17.6.- La COMMUNE ou le GROUPEMENT pourvoit elle-même à la gestion des Mégots collectés séparément dans les dispositifs de rue.
Toutefois, la COMMUNE ou le GROUPEMENT peut demander à ALCOME de pourvoir à cette gestion, exclusivement dans son intégralité. La gestion des Mégots collectés dans les dispositifs de rue est alors réalisée par ALCOME dans les conditions suivantes.
a) ALCOME s’engage à enlever les Mégots collectés dans les dispositifs de rue par quantité minimale de 100 kg. A cette fin, ALCOME met à disposition de la COMMUNE ou du GROUPEMENT un ou des contenants de transport conformes à l’ADR, qui sont remplis par la COMMUNE ou le GROUPEMENT, et qu’ALCOME enlève sur demande de la COMMUNE ou du GROUPEMENT dans un délai d’au plus 15 jours ouvrés, en un lieu situé sur le territoire de la COMMUNE ou du Territoire du GROUPEMENT et sous sa garde. Les contenants doivent être maintenus fermés pour ne pas se remplir d’eau de pluie.
b) La COMMUNE ou le GROUPEMENT formule sa demande de pourvoir à la gestion des Mégots à ALCOME avec un délai de prévenance de 4 mois.
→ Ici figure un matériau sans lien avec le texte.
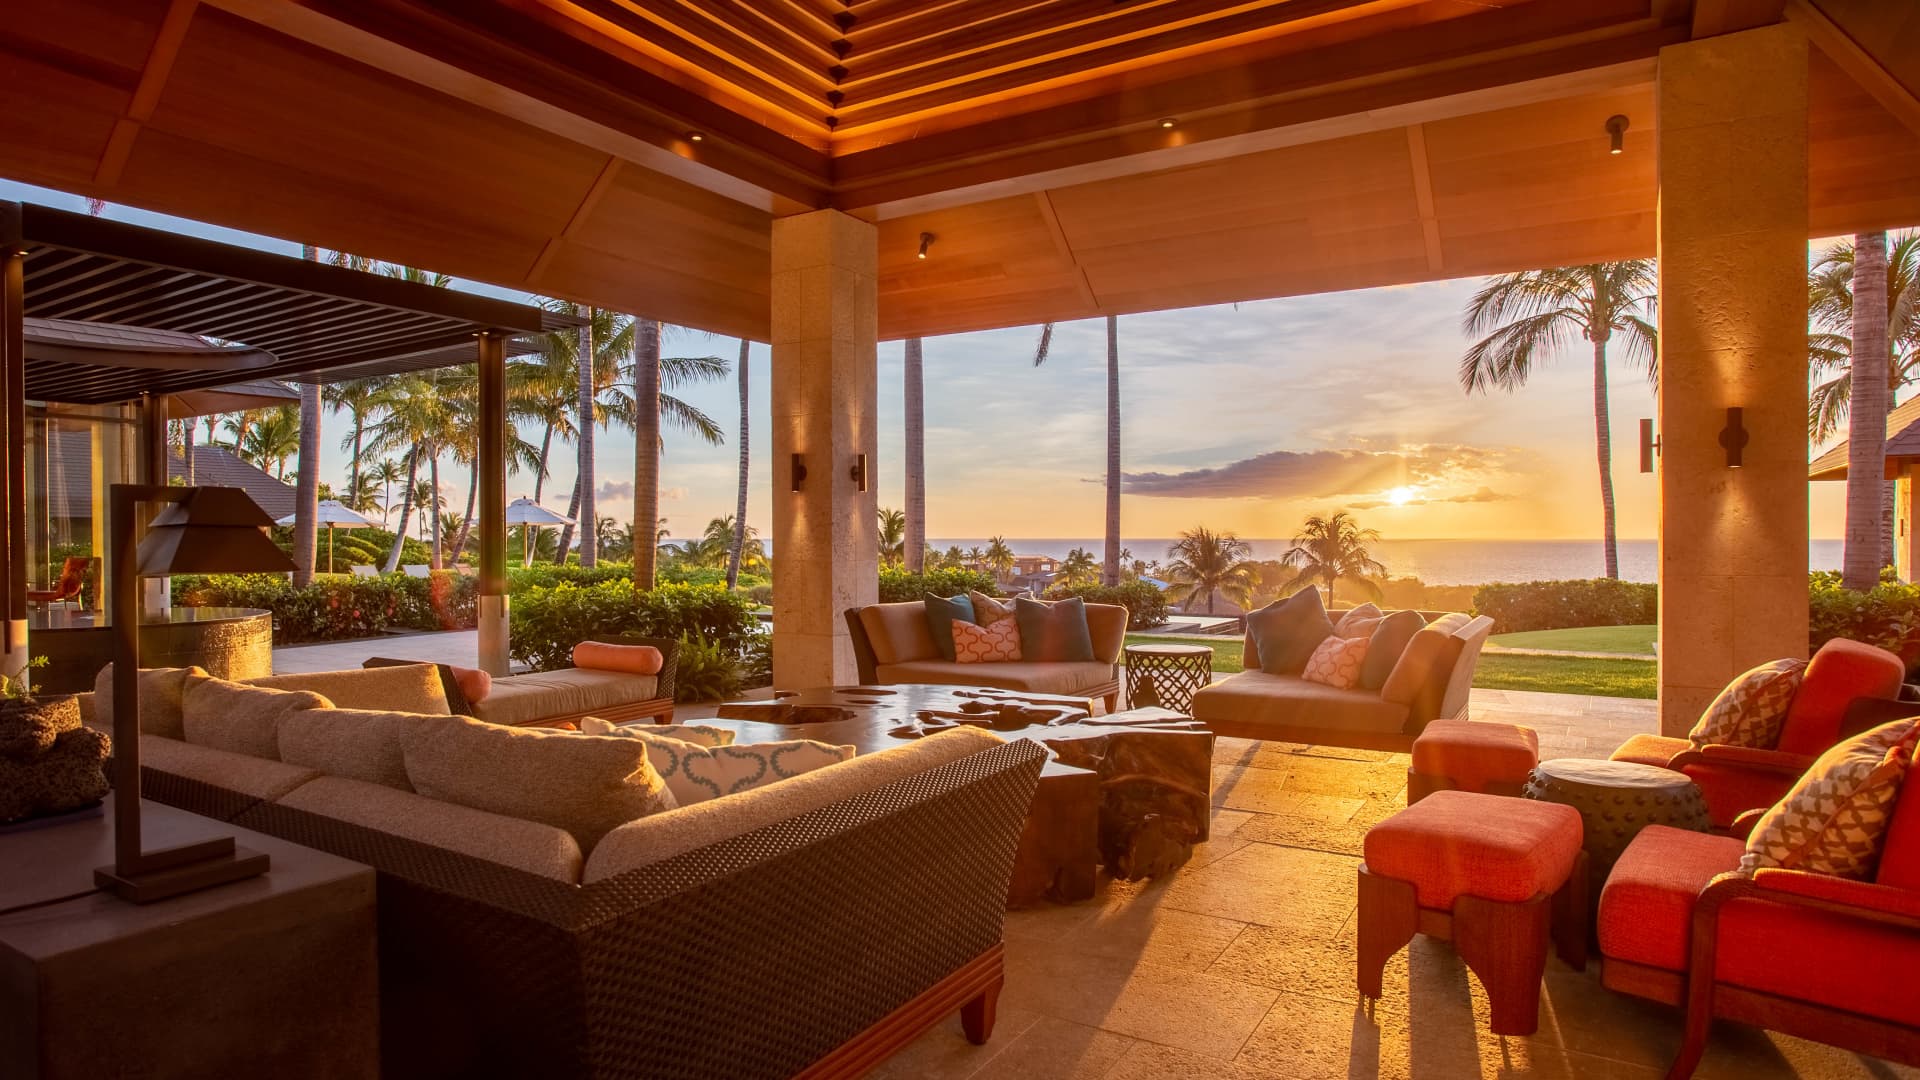 This private residence perched above Kauna'oa Bay on the Big Island recently sold for $18.5 million.

La COMMUNE ou le GROUPEMENT ne peut confier à ALCOME la gestion des Mégots selon les modalités de l’article 17.6-a pour une durée inférieure à deux ans, ou moins de deux ans avant la date d’expiration de l’agrément d’ALCOME.
17.7.- Lorsqu’ALCOME pourvoit à l’enlèvement et au traitement des Mégots, la COMMUNE ou le GROUPEMENT s’engage sur les critères suivants de qualité de la collecte des Mégots :
- Taux d’impuretés et de contaminants maximal par contenant de 5%, sans qu’aucune des impuretés ou contaminants ne renchérissent la gestion des Mégots ou nécessitent des modalités autres ou supplémentaires par rapport à des Mégots sans impuretés et non contaminés.
- Absence d’eau de pluie en fond de contenant et taux d’humidité maximal de 10 %.
Lorsque ces critères de qualité ne sont pas respectés, ALCOME peut, à son choix :
- refuser le contenant au moment de l’enlèvement, le contenu étant géré aux frais exclusifs de la COMMUNE ou du GROUPEMENT ;
- renvoyer à la COMMUNE ou au GROUPEMENT le contenant, lorsqu’il est déjà dans un centre de regroupement ou de tri, le contenu étant alors géré aux frais exclusifs de la COMMUNE ou du GROUPEMENT qui s’engage à le reprendre. Le coût de déchargement, rechargement, transport retour et formalités réglementaires et administratives mis à la charge forfaitairement de la COMMUNE ou du GROUPEMENT par ALCOME est de 500 € par contenant. Le traitement des contenants renvoyés est effectué aux frais de la COMMUNE ou du GROUPEMENT, sauf à ce que la COMMUNE ou le GROUPEMENT traite préalablement le contenant pour respecter les critères de qualité.
Les modalités d’expédition, d’accès au lieu d’enlèvement, de chargement sont celles prévalant habituellement pour l’enlèvement de déchets en déchèterie, et les formalités et tâches correspondantes sont à la charge de la COMMUNE ou du GROUPEMENT.
17.8.- ALCOME transmet annuellement à la COMMUNE ou au GROUPEMENT les informations relatives aux quantités de Mégots enlevés auprès d’elles et aux conditions dans lesquelles ces Mégots ont été traités.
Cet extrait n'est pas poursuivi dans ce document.